Before: JONES, SILER and GODBOLD,*  Circuit Judges.


William R. Washington, a pro se Michigan prisoner, moves for counsel on appeal from a district court judgment denying his petition for a writ of habeas corpus filed pursuant to 28 U.S.C. § 2254. The case has been referred to a panel of the court pursuant to Rule 9(a), Rules of the Sixth Circuit. Upon examination, this panel unanimously agrees that oral argument is not needed. Fed. R. App. P. 34(a).

On March 23, 1987, Washington was convicted by a jury of first degree criminal sexual conduct. He was sentenced to a term of incarceration of 20 to 40 years. Washington made collateral attacks on his conviction and sentence within the Michigan state court system. He presented the three issues which he asserted in his habeas petition to all levels of the Michigan court system; therefore, he has exhausted his state court remedies for the purposes of federal habeas corpus review.

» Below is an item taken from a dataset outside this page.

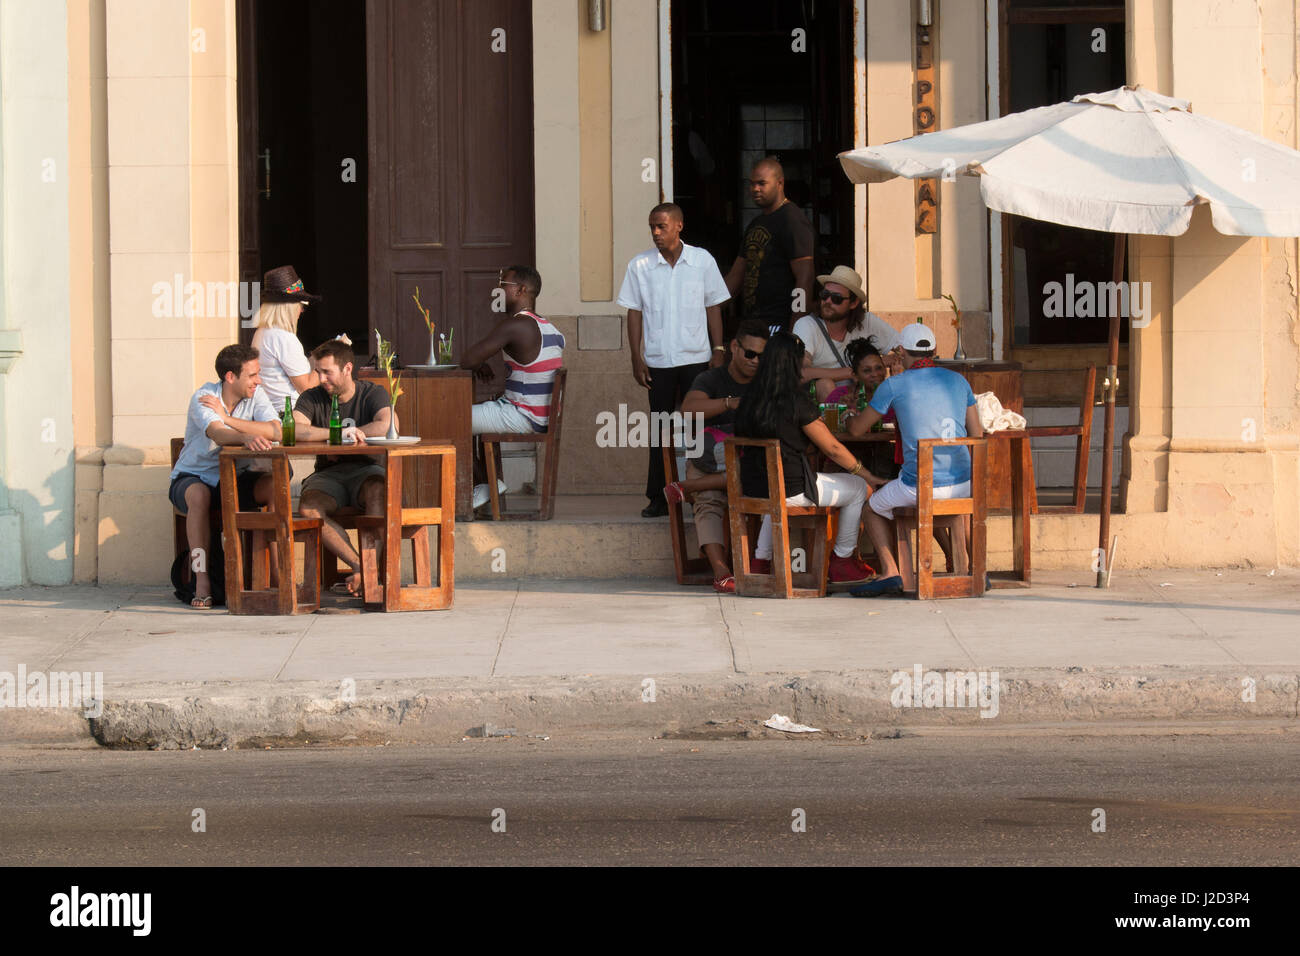 Havana Street scenes and Malecon promenade. Vintage cars, pedicabs and pedestrians share the route. Patrons at a cafe. (Editorial Use Only) Stock Photo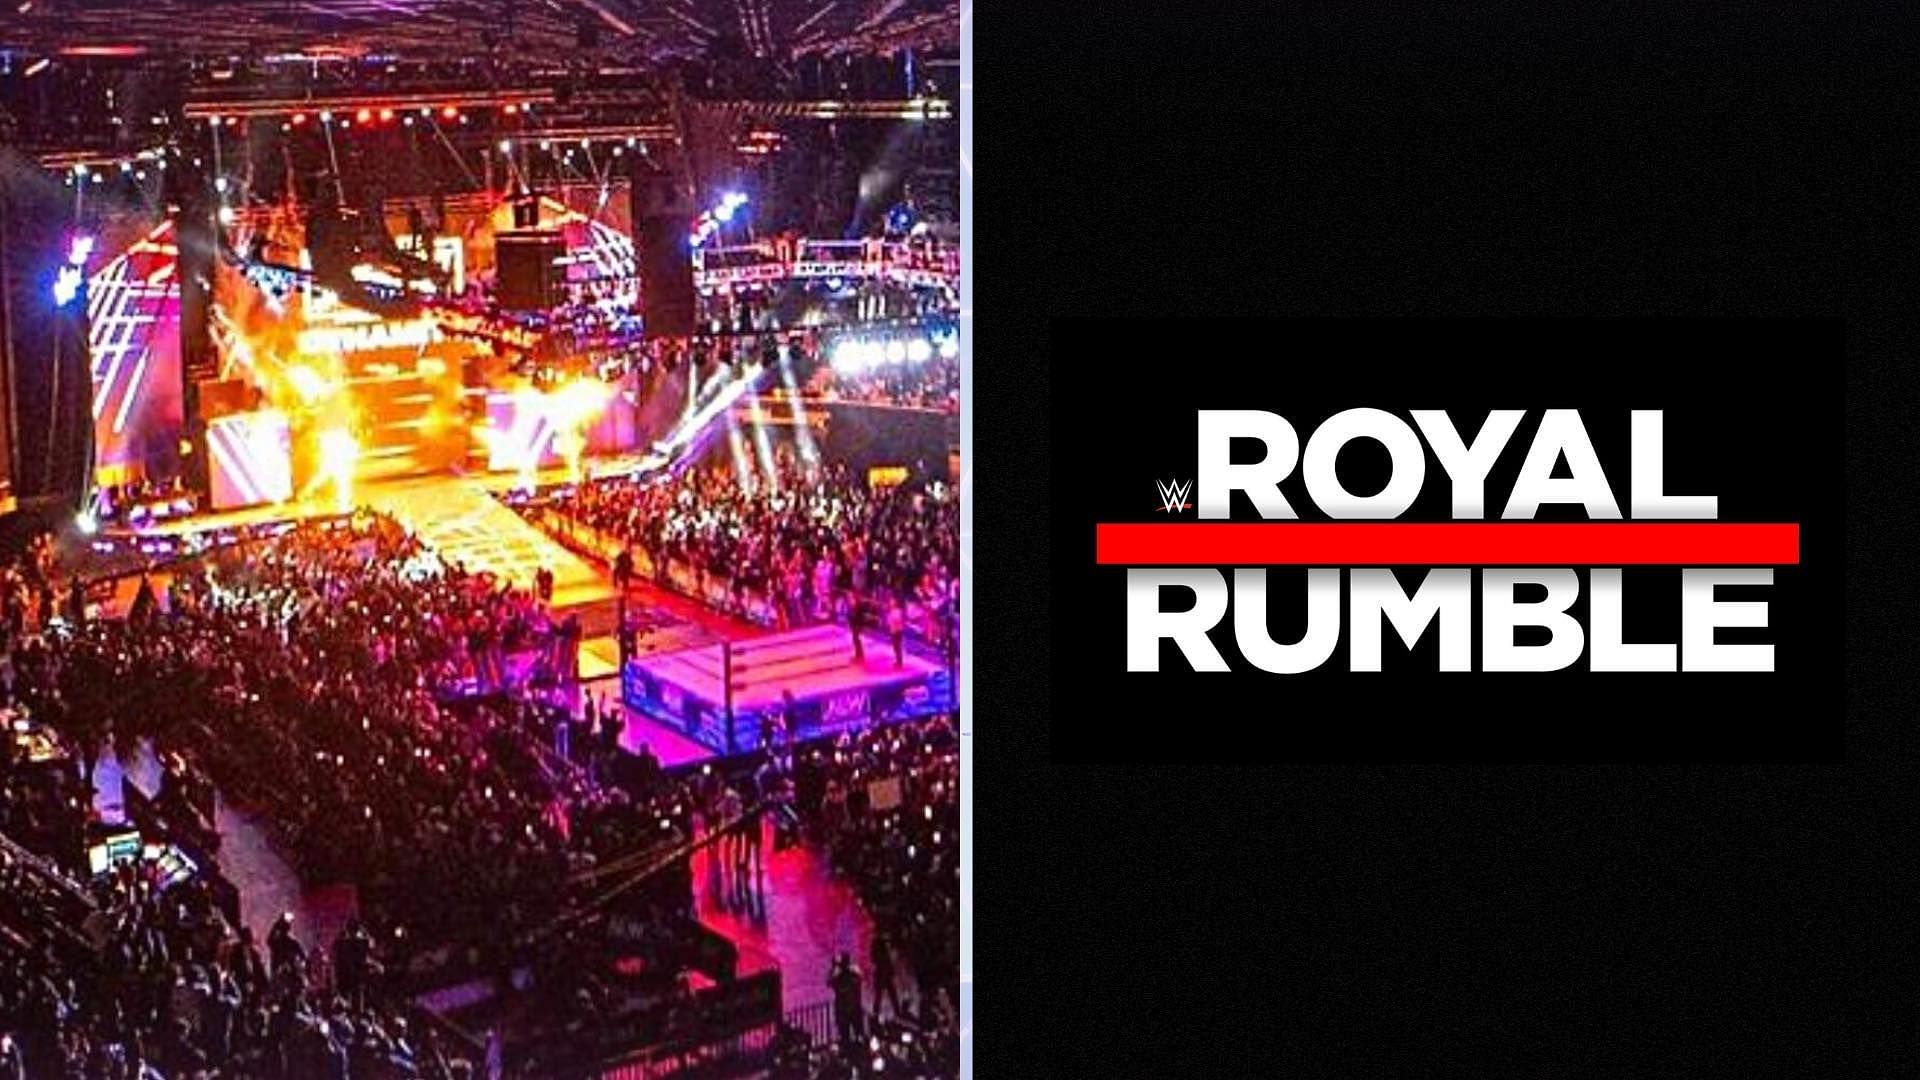 A former AEW star appeared in the Royal Rumble match

In his habeas petition, Washington claimed: 1) that the trial court committed reversible error by improperly instructing the jury; 2) that his sentence was disproportionate to the seriousness of the offense, for which he is entitled to resentencing; and 3) that his sentence violated the principle of proportionality, thereby constituting cruel and unusual punishment.

The matter was referred to a magistrate judge who issued a report recommending that the habeas petition be denied. Despite Washington's objections, the district court adopted the report and recommendation in an opinion and judgment dated May 5, 1994.

Initially, we note that Washington does not raise claims two and three above on appeal to this court; therefore, these claims are considered abandoned and will not be reviewed. Boyd v. Ford Motor Co., 948 F.2d 283, 284 (6th Cir. 1991), cert. denied, 112 S. Ct. 1481 (1992); McMurphy v. City of Flushing, 802 F.2d 191, 198-99 (6th Cir. 1986).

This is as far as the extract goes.